Predictive Modeling for Bundled Payments
The following article was written by Danielle Eldredge, a freelance healthcare journalist
Nearly 500 care organizations are enrolled in the Bundled Payments for Care Improvement (BPCI) initiative. To help navigate uncharted bundled structures, progressive care providers are looking toward predictive modeling.
As defined by the Centers for Medicare and Medicaid Services, BPCI organizations will enter into payment arrangements that include financial and performance accountability for episodes of care. These models may lead to higher quality and more coordinated care at a lower cost to Medicare.
So why would a care provider voluntarily enroll?
The American Medical Association puts it like this: “Bundled payment arrangements are a type of risk-contracting. If the cost of services is less than the bundled payment, participating physicians and other health care providers retain the difference. But if the costs exceed the bundled payment, physicians and other providers are not compensated for the difference.”
In an effort to identify and minimize risk, innovative care providers are turning to predictive modeling technology.

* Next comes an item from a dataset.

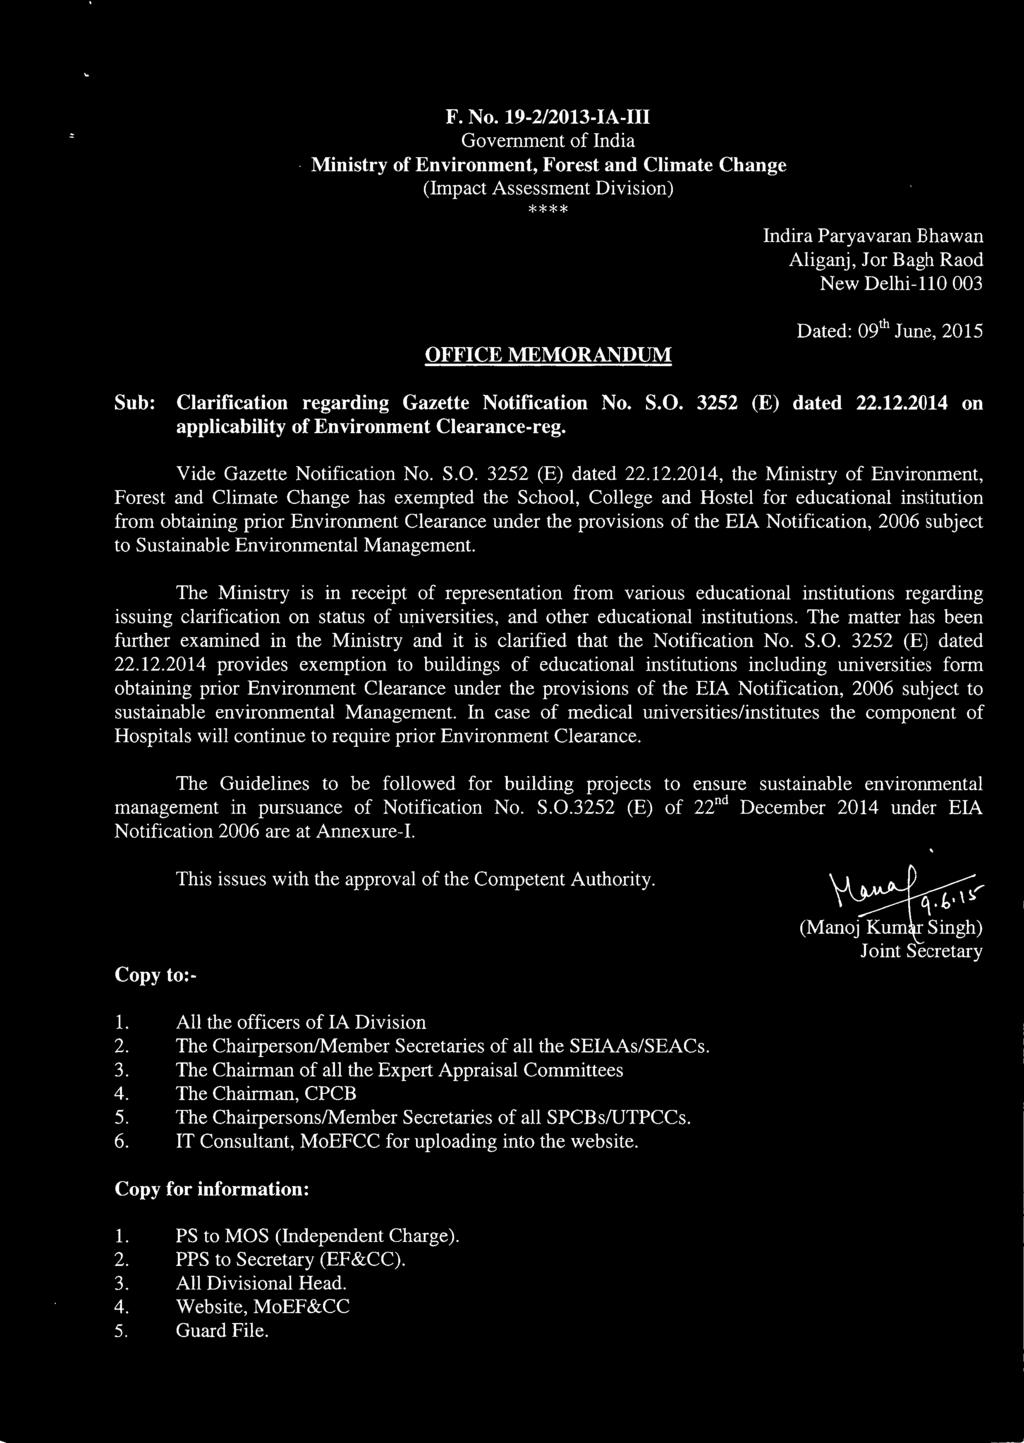 Clarification regarding Gazette Notification No. S.O. 3252 (E) dated 22.12.

“It’s the evolution of business intelligence,” said Cash Forshee, senior vice president of business development at Medalogix, a company that specializes in post-acute predictive analytics. “Predictive analytics can unveil scientifically driven insight unavailable to clinicians, which increases the opportunity to appropriately adjust care for the patient and reduce costs to the organization.”
Medalogix began as a way to reduce readmissions by helping post-acute providers give their patients better care and meet the requirements of the Affordable Care Act. Medalogix’s analytics combs through a health agency’s historical patient data to learn agency-specific readmission predictors and then identifies the top 20 percent of patients most at risk for readmission.
By understanding just who is at risk, caregivers can adjust care plans and reduce overall hospital readmissions.
This tactic has helped Alternate Solutions Home Care in Ohio reduce 30-day readmissions by 36 percent.
“Reducing readmissions has strengthened our relationships with referring hospitals but, more importantly, has improved our patients’ physical and emotional health,” said Chad Creech, Alternate Solutions’ chief development officer.
After realizing predictive modeling’s positive impact on readmission reduction, other post-acute organizations reached out to Medalogix about the possibility of a custom-bundled payment support model. The custom solution has since been created and deployed.
The bundled payment solution goes a step further than the readmission reduction solution. It considers diagnosis related group (DRG) data and DRG-payment allotments to ensure hospital clinical data and financial repercussions are incorporated in an organization’s risk analysis for patients.
“Using facility-specific data to understand who is most at risk, and then coupling that information with financial reimbursement information, we can help care providers understand where their resources will be best deployed for optimum outcomes,” Forshee said.
Some are concerned that this type of analysis, which is tied to financial reimbursements, could undermine care — influencing organizations to prioritize patients based on their financial risk as opposed to their clinical needs.
“There is an inextricable link between the financial and clinical risks in patients,” said Medalogix’s CEO, Dan Hogan. “Using scientifically driven insight to effectively prioritize care yields greater patient and organizational outcomes, which in turn reduces financial risk in value-based payment models.”
Medalogix is working to further enhance their risk identification service, adding coordinated care functionality to assist several care providers in understanding where a patient will receive optimum care through each phase of their care episode.